Via [Austrian state broadcaster] ORF.at, 2 July 2025 [source; archive]
Formerly a very liberal [sic] country, Denmark has successively tightened its migration rules since the beginning of the millennium, and rapidly so since the wave of refugees in 2015. The Social Democrats, who were in opposition at the time, followed suit: Since her election as leader ten years ago, Mette Frederiksen has shifted her party far to the right [so…shrinking administrative overhead and high growth (relatively speaking) is now ‘far right’. Or whatever]. She has repeatedly described immigration from non-Western countries as Denmark’s ‘biggest challenge’. In 2019, she won the parliamentary election with statements like this [since elections are a kind of popularity contest, it looks like she’s not alone with these sentiments].
During the Danish Council Presidency, she now hopes to reach an EU consensus on outsourcing asylum procedures outside Europe and limiting the scope of European Court of Human Rights judgements. ‘We need new solutions to reduce the influx to Europe and effectively send back those who have no right to stay in our countries’, said Frederiksen.
Migration policy is linked to security [huhum, remember the ‘no-one is safe, unless everybody is safe’ trope?], said Danish European Affairs Minister Marie Bjerre at the presentation of the priorities for the EU Council Presidency last week:
That means we need a safer, more stable and more robust Europe, and that is not really the case if we do not control the flows into Europe.
Temporary Residence Permits
Refugees in Denmark receive a one-year residence permit, which can be extended. However, they are encouraged to return to their home country as soon as the authorities deem that they no longer need a safe haven. In 2020, Denmark made headlines when it revoked the residence permits of 200 Syrians. The reason given was that the situation in Damascus was so stable that returning posed no risk [so, now it’s even safer, right?].

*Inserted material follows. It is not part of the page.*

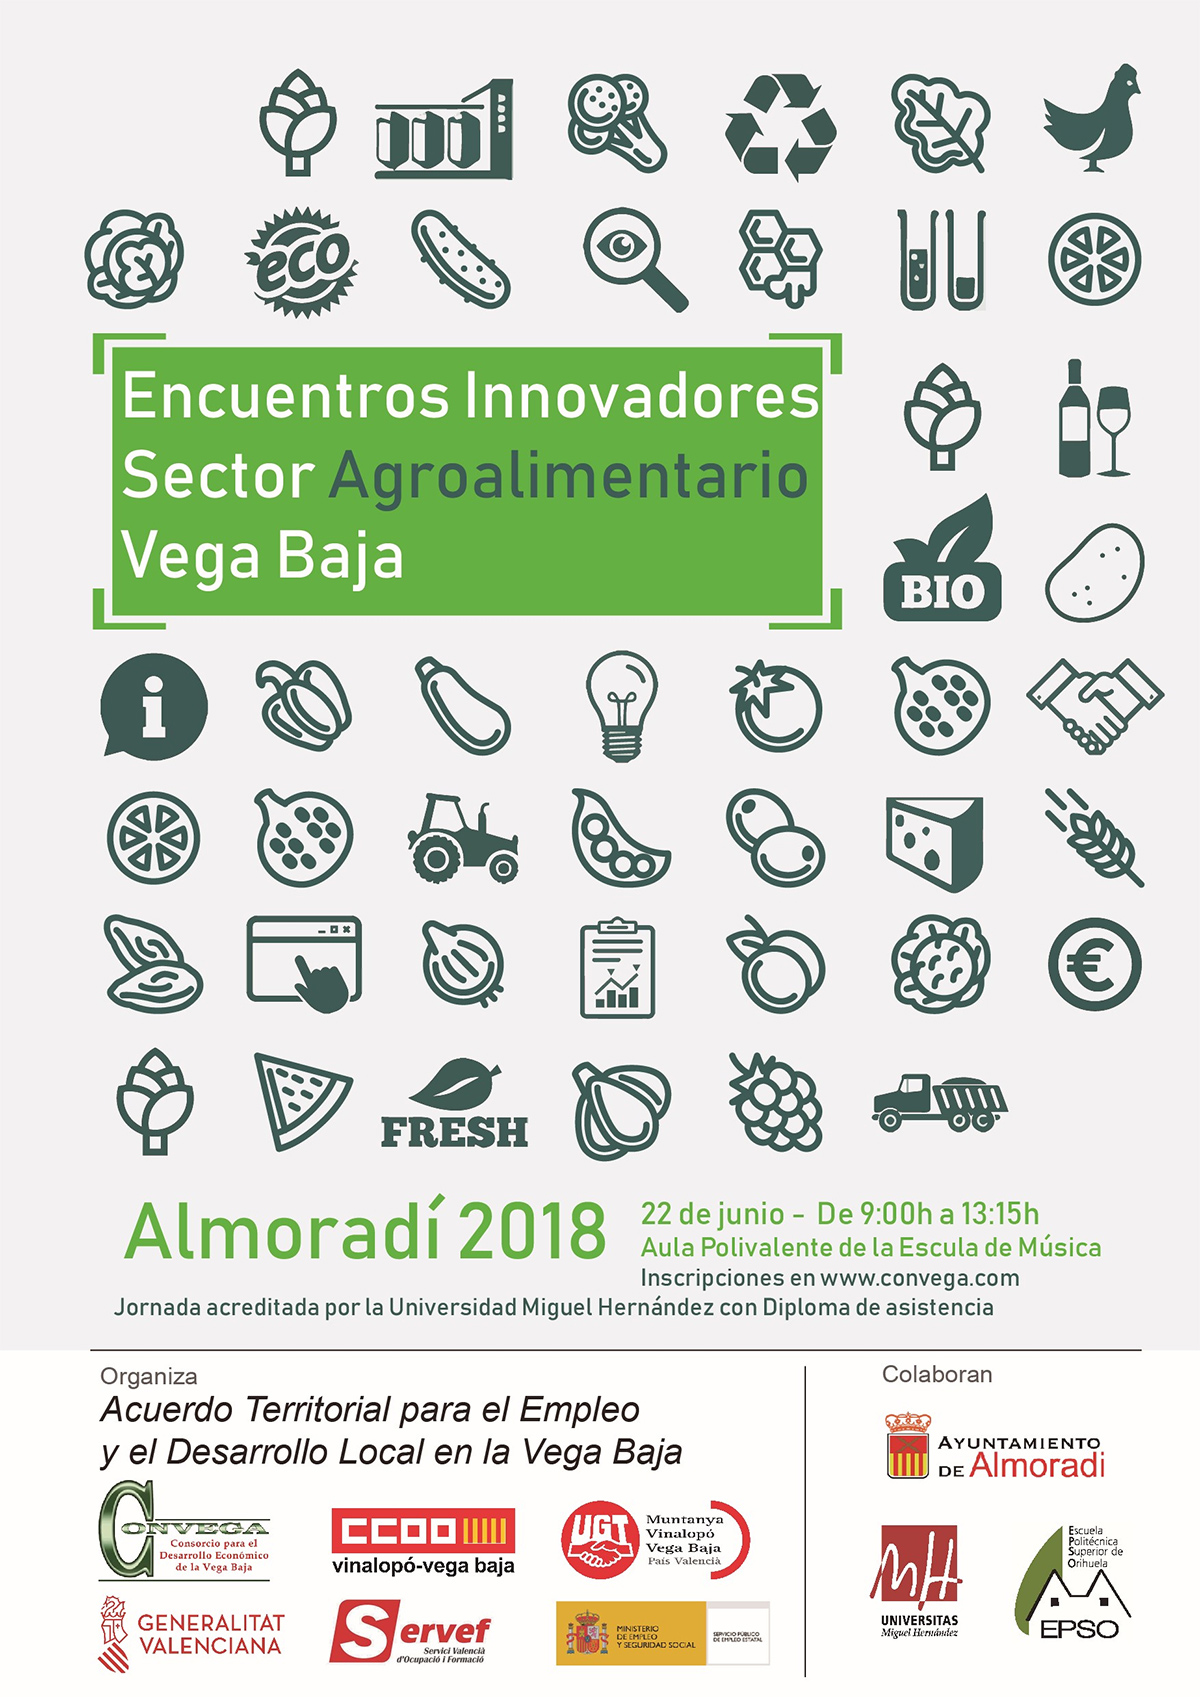 Encuentros Innovadores del Sector Agroalimentario Vega Baja

In May, Denmark joined eight other European countries, including Austria, in seeking a reinterpretation of the European Convention on Human Rights to enable changes to migration policy, such as making it easier to expel foreign criminals [what a far right™, radical thought]. ‘We want to use our democratic mandate to start a new and open discussion on the interpretation of the European Convention on Human Rights’, the letter states. ‘We need to restore the right balance.’
Competitiveness in the Global Elite [wait, there is such a ‘global elite’?]
Defence and security as well as competitiveness are among the other priorities of the Danish Presidency, which has the motto ‘A strong Europe in a changing world’. Ecological change goes ‘hand in hand’ with building a more secure and competitive Europe.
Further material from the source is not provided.